The nuts were so precious that the household linen was spread beneath the wide branches of the trees from autumn to springtime to ensure that not a single prickly casing or warm brown nut was lost in the grass. Hester mentioned the risk of staining or tearing the sheets, but John said firmly that one nut was worth a dozen sheets and that the garden must always come before the house.
He took Hester on long cold walks down to the bottom of the orchard, showed her every single tree and named it for her. In the blustery wet days of March he stayed in the orangery before a potting table with a barrel of sieved earth at his side and taught Hester how to set seeds.
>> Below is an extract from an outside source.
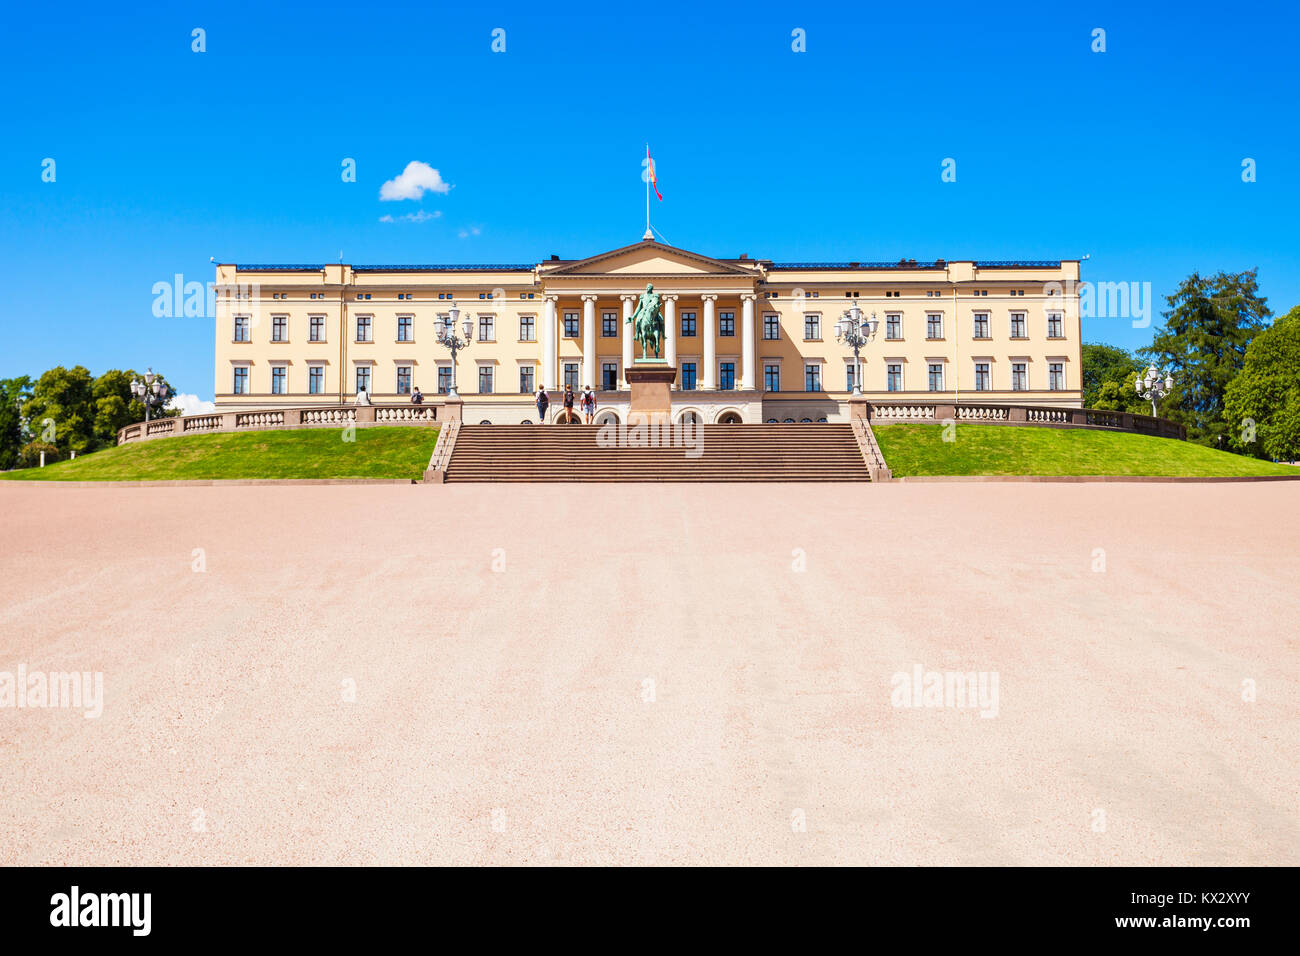 Royal Palace in Oslo, Norway. Royal Palace is the official residence of the present Norwegian monarch. Stock Photo

He showed her the tender plants which lived in the orangery from autumn to spring to protect them from winter frosts, and he showed her the winter jobs: the cleaning of the big tub planters, the washing of the pots, and airing them, ready for the fever of spring planting. One lad spent all the winter sieving earth for the seed beds and for the pots. Another brewed up a fearful barrel of water fortified with horse and cow manure and a nettle soup of John’s own devising, which would be sprinkled on every precious seedling.
They passed a quiet few weeks. A sailor, fresh into port, had a sealed parcel of seeds for John and a letter from Virginia.
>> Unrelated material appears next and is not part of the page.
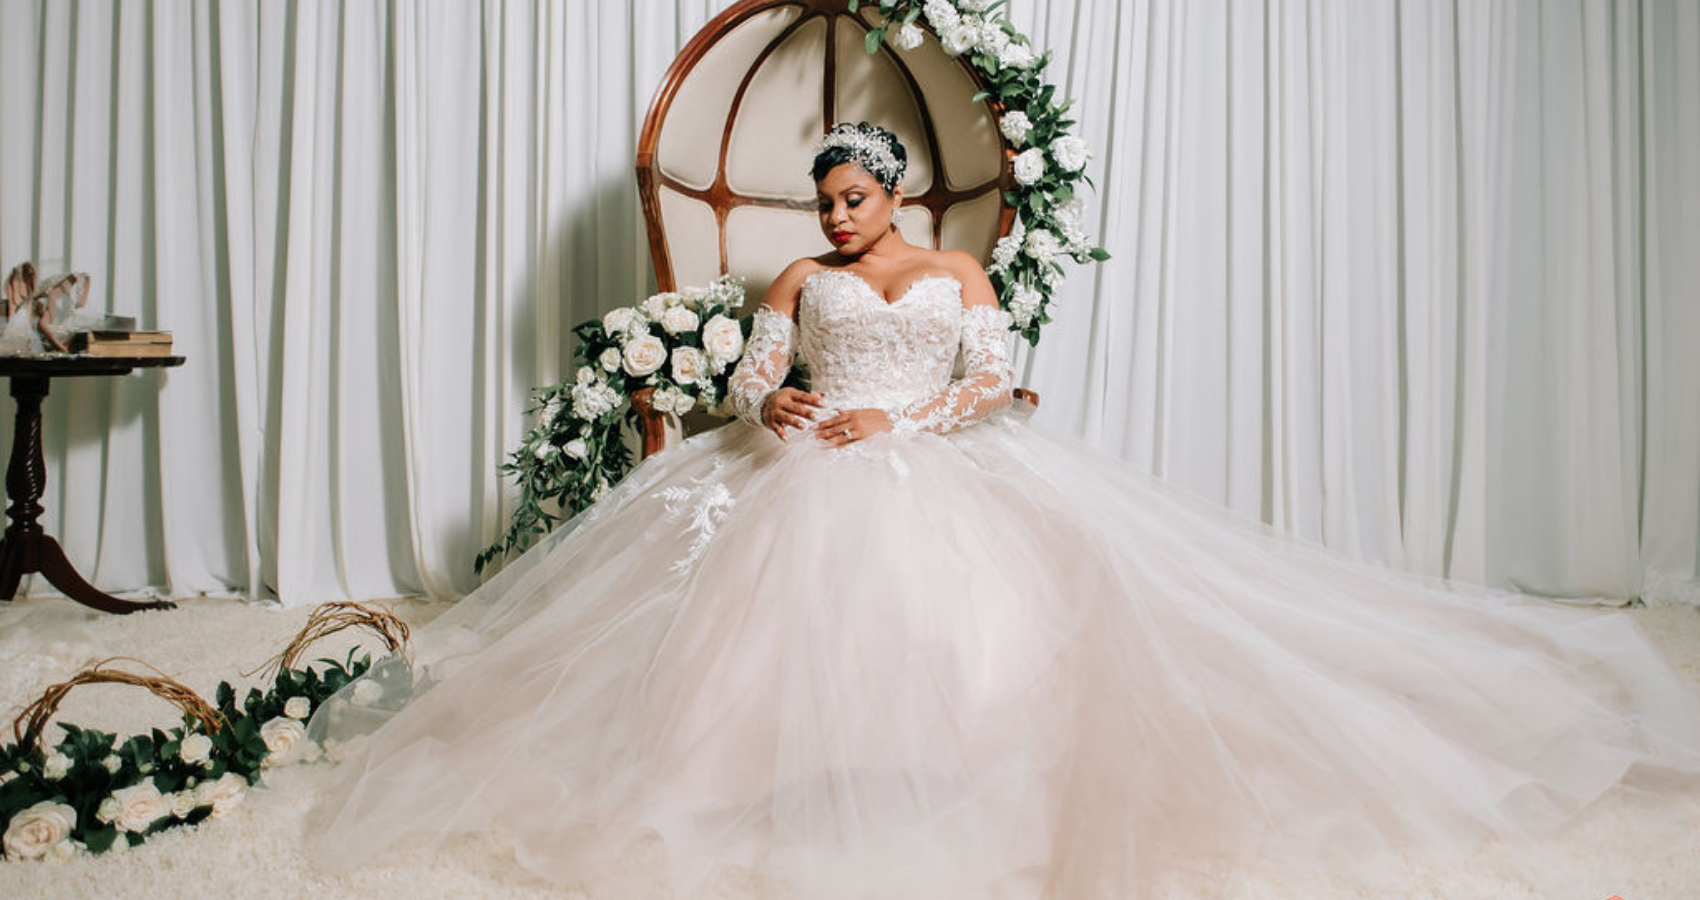 The Tiana Wedding Gowns | The Bridal Collection in Denver

‘He says he will be home by April,’ John read. ‘He says he is writing this before going out into the woods for a week. He has an Indian guide who leads him around and shows him plants and brings him safe in.’ He paused and looked into the embers of the fire. ‘I wish he would come home,’ he said fretfully. ‘I am impatient for him to be here and everything settled.’
‘He will come in good time,’ Hester said soothingly. There was a single disloyal thought in her head that they were managing very well without him, John busy and contented, the museum taking a small but steady flow of money, and the children taught by her every morning and kissed goodnight by her every night.
‘He should be already on his way,’ John said. ‘This letter is eight weeks old. He may be at sea now.’